Pourquoi la résistance a-t-elle mis du temps à s’organiser en Belgique durant la Seconde Guerre mondiale
Il est difficile de chiffrer le nombre de résistants belges durant la Seconde Guerre mondiale. Ce qui est certain, précise Fabrice Maerten, historien spécialiste de la question, c’est que 200 000 Belges ont demandé à l’État d’être reconnus comme résistants, et que 160 000 ont obtenu un tel statut.

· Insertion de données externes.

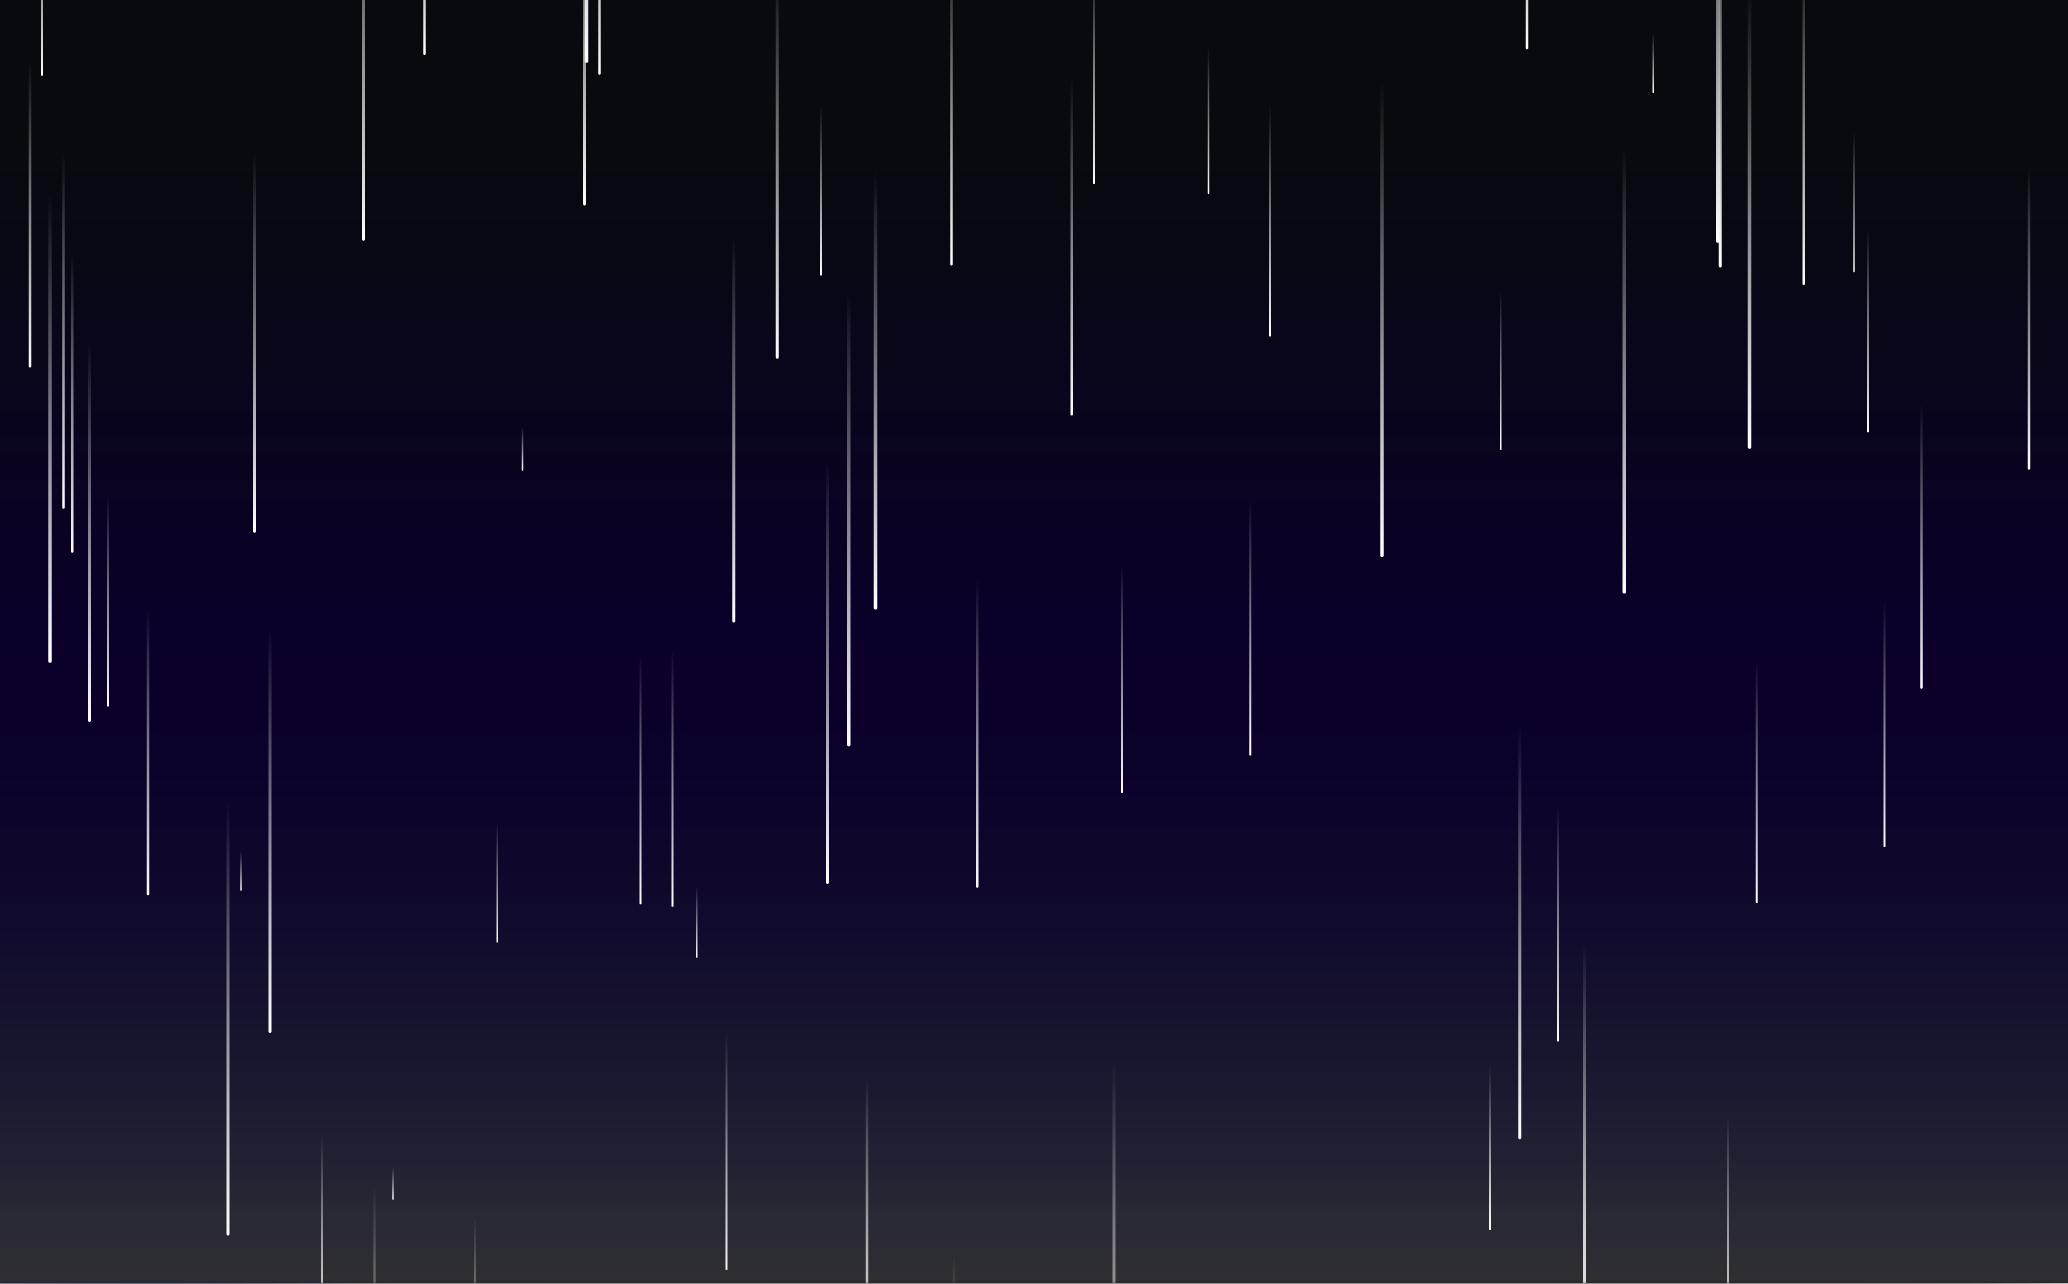 screenshot of Rafael Rozendaal's net art  looking at something  from  http://www.lookingatsomething.com

- Publié le 21-10-2024 à 14h32
La résistance belge a mis du temps à se structurer, raconte également l’historien. En 1940, la victoire d’Hitler est écrasante, et la défaite surprise de la France déroute de nombreux Belges, les paralyse en quelque sorte. Sans oublier que le rexisme de Léon Degrelle a semé son idéologie au sein d’une partie de la population qui n’est pas contre l’avènement d’un pouvoir fort.
« Ce n’est qu’aux environs du 11 novembre 1940, au moment du souvenir de l’Armistice de 18, que de premiers résistants patriotiques, issus de la petite et moyenne bourgeoisie, se manifestent. Ils sont encouragés aussi par l’attitude de l’Angleterre qui tient bon », poursuit Fabrice Maerten. Ce premier 11 novembre n’est pas férié, raconte l’historienne Chantal Kesteloot sur le site belgiumwwii.be. Au pied de la colonne du Congrès à Bruxelles, une foule se rassemble malgré tout. » Les anciens combattants n’ont pas hésité à porter ostensiblement leurs décorations, écrit-elle. Autour du soldat inconnu, le silence fait place à des clameurs patriotiques mais aussi à des cris d’hostilité à l’occupant. On chante la Brabançonne et on arbore des insignes pro-britanniques. C’est la jeunesse qui se montre la plus mobilisée et, parmi elle, des enfants de combattants. » Des arrestations auront lieu et certains résistants seront condamnés à plus de cinq ans de travaux forcés.
Le tournant d’octobre 1942
En Belgique donc, les premières années de guerre verront progressivement s’organiser une résistance de droite, portée notamment par l’Armée secrète et proche de la figure du roi ; une résistance conservatrice, attachée à l’État belge et au gouvernement ; puis une résistance communiste qui se lance une fois que le IIIe Reich aura envahi l’Union soviétique le 22 juin 1941. Cette résistance ne deviendra massive qu’à partir d’octobre 42. « À ce moment-là, alors que le vent commence à tourner en leur défaveur, les Nazis décrètent le travail obligatoire en Allemagne pour les jeunes Belges. C’est un évènement fondamental pour expliquer la résistance de nombreuses familles qui ne veulent pas voir partir l’un des leurs en Allemagne, insiste Fabrice Maerten. L’écroulement de l’Italie puis le Débarquement encourageront aussi la lutte contre l’occupant. D’abord non violente (presse clandestine, récolte de renseignements, aide aux prisonniers…), cette lutte deviendra armée. À l’été 1944, elle rassemblera entre 100 000 et 150 000 personnes et sera soumise à une répression très féroce de la part des occupants, mais aussi de collaborateurs. Durant l’été 44, on assistera à des épisodes de petites guerres civiles dans le Limbourg et dans le Hainaut. »
En définitive, peut-on lire dans les écrits du Cegesoma, les raisons de résister sont multiples en Belgique durant la Seconde Guerre. Elles vont de la défense de valeurs comme le patriotisme, l’antifascisme ou la germanophobie héritée de 1914-1918 à des motivations individuelles, comme le goût de l’aventure ou le besoin de s’émanciper. Les résistants sont dès lors issus de tous les âges, de tous les milieux et de toutes les tendances idéologiques, même si la proportion des militants communistes est supérieure à celle des résistants issus des autres courants politiques.